Sorption of Phenanthrene by Reference Smectites

• Published in: Environmental science & technology Vol. 35; no. 17; pp. 3456 - 3461
• Main Authors: Hundal, Lakhwinder S, Thompson, Michael L, Laird, David A, Carmo, Ana M
• Format: Journal Article
• Language: English
• Published: Washington, DC American Chemical Society 01.09.2001
• Subjects: Adsorption; Aluminum Silicates; Applied sciences; Biological and physicochemical properties of pollutants. Interaction in the soil; Clay; Earth sciences; Earth, ocean, space; Engineering and environment geology.
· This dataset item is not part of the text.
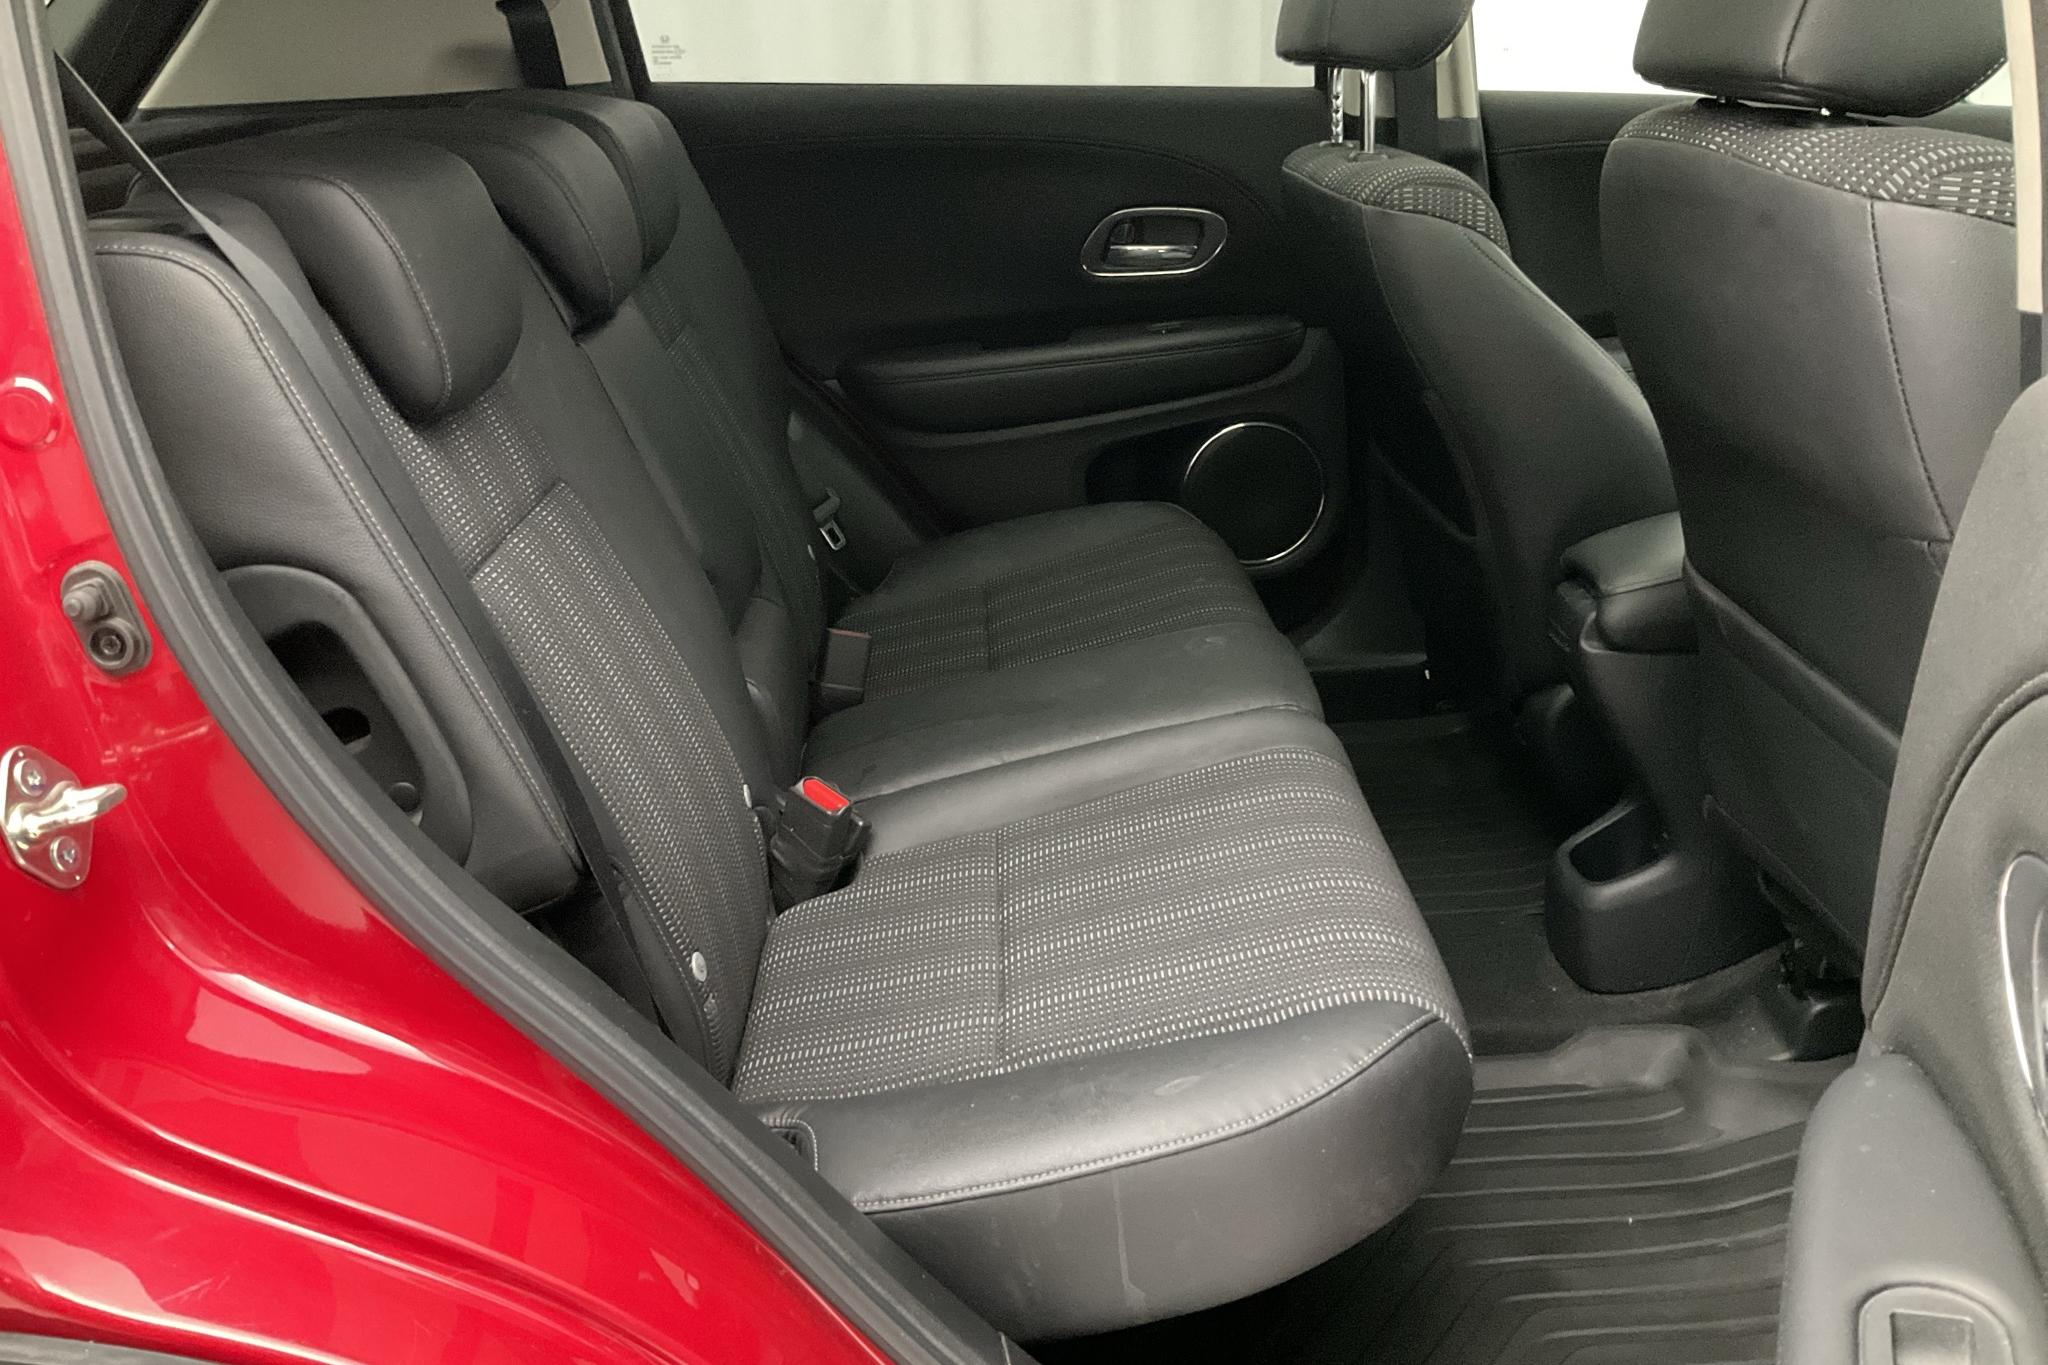 Honda HR-V 1.5 2WD (130hk) - 3 444 mil - Automat - röd - 2017

Geothermics; Environment; Exact sciences and technology; Gastrointestinal Agents - chemistry; Hydrocarbons; Minerals; Organic Chemicals; Phenanthrenes - chemistry; Pollution; Pollution, environment geology; Reference Values; Sediments; Silicates; Soil and sediments pollution; Soils; Temperature; Water Pollutants - analysis; Clay; Sediment water interaction; Phenanthrene; Hydrocarbon; Adsorption isotherm; Adsorption capacity; Hydrophobic compound; Polycyclic aromatic compound; Soil pollution; Sediments; Sorption; Smectite; Reference material; Reaction mechanism; Soil interaction
• ISSN: 0013-936X; 1520-5851
• DOI: 10.1021/es001982a

Fate and behavior of nonionic hydrophobic organic compounds (HOCs) in the environment is mainly controlled by their interactions with various components of soils and sediments. Due to their large surface area and abundance in many soils, smectites may greatly influence the fate and transport of HOCs in the environment. We used phenanthrene as a probe to explore the potential of reference smectites to sorb HOCs from aqueous solution. Batch experiments were used to construct phenanthrene sorption isotherms, and possible sorption mechanisms were inferred from the shape of the isotherms. Our results demonstrate that smectites can retain large amounts of phenanthrene from water. Phenanthrene sorption capacities of the reference smectites investigated in this study were comparable to those of soil clays containing a considerable amount of organic matter. Hectorite exhibited the highest sorption affinity and capacity followed by Panther Creek montmorillonite. The lack of correlation between Freundlich sorption constants (K‘f) and indices of charge or hydrophobicity suggests that sorption of phenanthrene by smectites is primarily a physical phenomenon. Capillary condensation into a network of nano- or micropores created by quasicrystals is likely to be a dominant mechanism of phenanthrene retention by smectites.